The Emergence of North Carolina
o North Carolina developed out of VA rejects showing up on the land.
 They were outcasts and/or religious dissenters.
 They had small farms and didn’t need many slaves to grow tobacco.
 They were poor and had a poorer reputation.
 Like Rhode Island, North Carolina was democratic and independent-minded.
o 1712- North Carolina was separated from South Carolina and became a royal colony.
o Native American-Colonist Relations Were Poor:
 1711- after an encounter between Tuscarora Indians and the Newbern settlement, the Carolinas
massacred and enslaved most of the tribe.
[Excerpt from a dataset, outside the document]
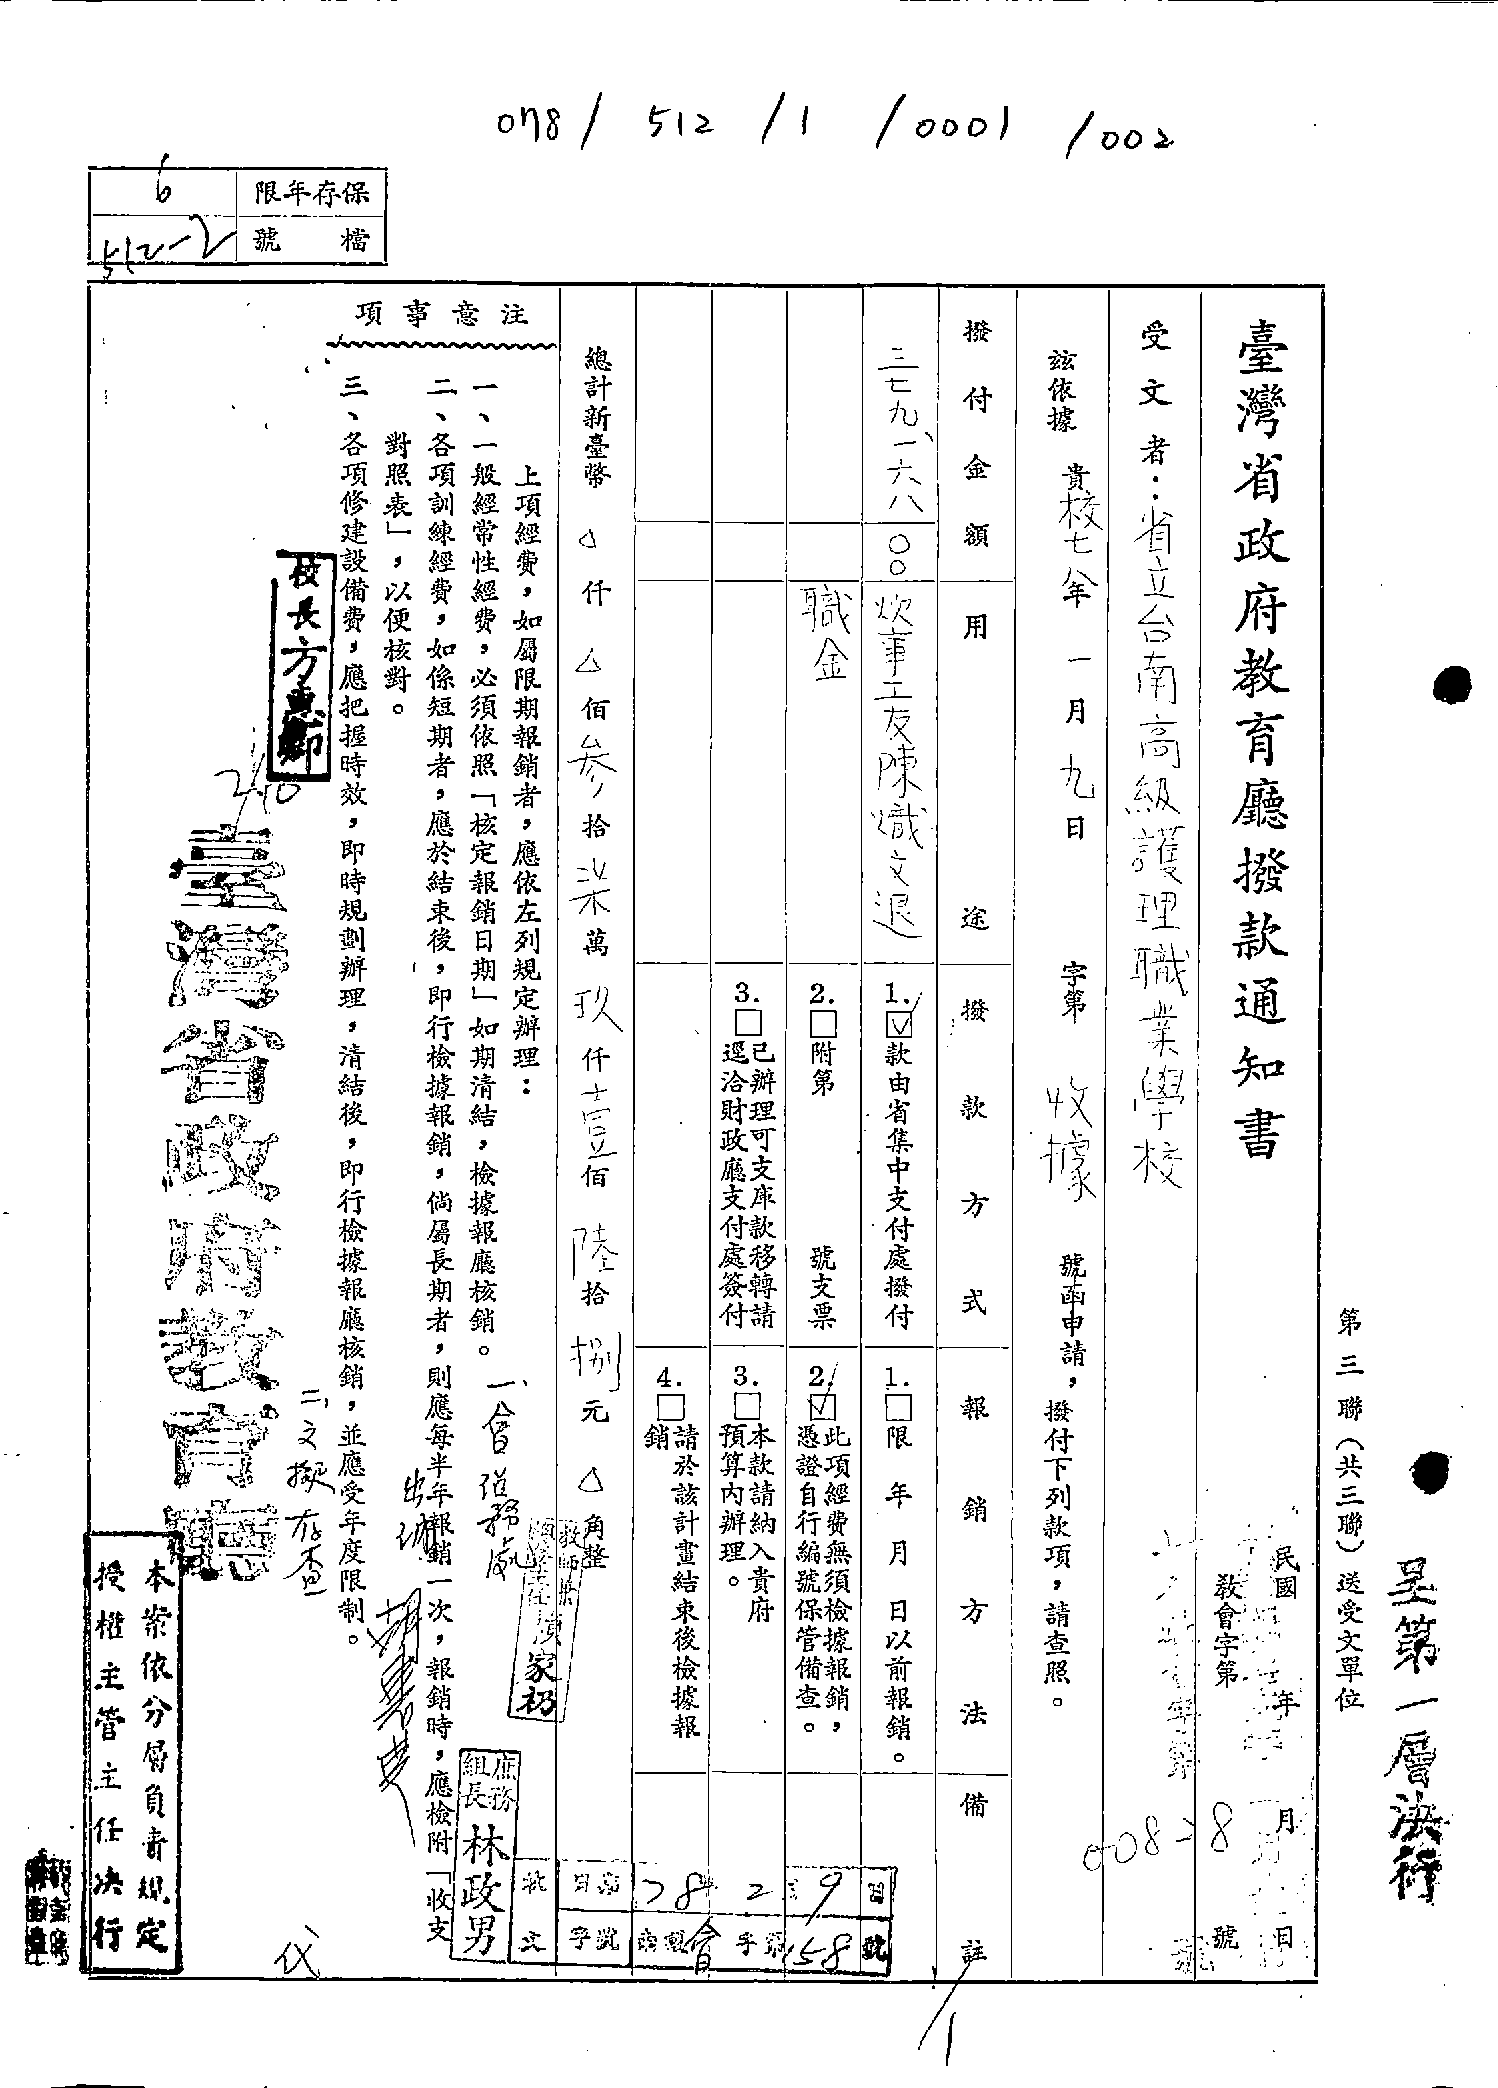 一張來自台灣省教育廳的掃描公文

 1715- South Carolina destroyed the Yamasee Indians in a similar manner.
Late-Coming Georgia: The Buffer Colony
o 1733- Georgia is formally founded as the last of the thirteen colonies.
o The Purpose of the “Georgia Settlement Experiment”:
 The royalty thought it could be a buffer between the profitable colonies and Spain’s lands.
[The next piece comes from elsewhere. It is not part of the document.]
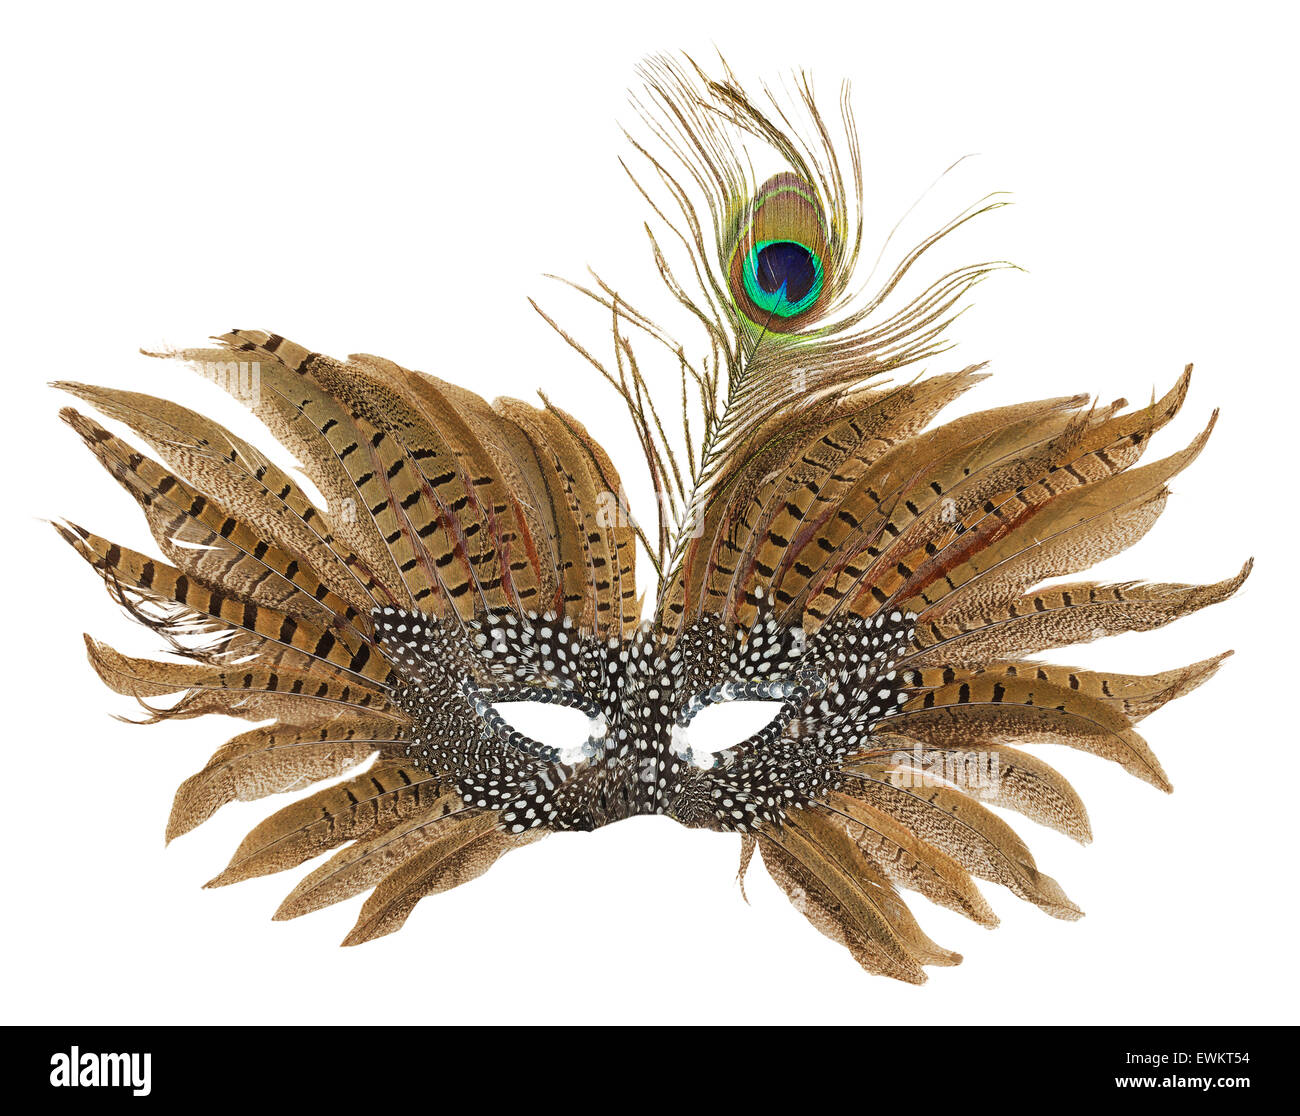 La máscara de carnaval con plumas de pavo real aislado en el fondo blanco. Foto de stock

 They thought it could defend against the Spanish and French.
o So Georgia got some extra support, unlike its neighbors.
 The founders were philanthropists and wanted to give debtors a new start.
o James Oglethorpe
 He was a soldier-statesman and he got Georgia going.
 He stopped Spanish invaders and used his own money to help debtors start over.
o The colony had religious tolerance (of all but Catholics) and great diversity.
 There were lots of missionaries, like John Wesley (Methodist Church founder).
o The colony grew VERY slowly.
Characteristics of the Plantation Colonies:
o All maintained prosperity by exporting a ‘staple crop’.
o Eventually, all the colonies had widespread slavery (Georgia last in 1750).
o Some religious tolerance existed in all of them.
o They had fewer large cities due to the need to space out plantations.
o The colonies had to expand due to abusive farming practices which hurt soil.
o The expansiveness caused those colonies to interact negatively with Indians.
Tribes that made up the Iroquois Confederation
o Mohawks, Oneidas, Onondagas, Cayugas, Senecas, and later Tuscaroras.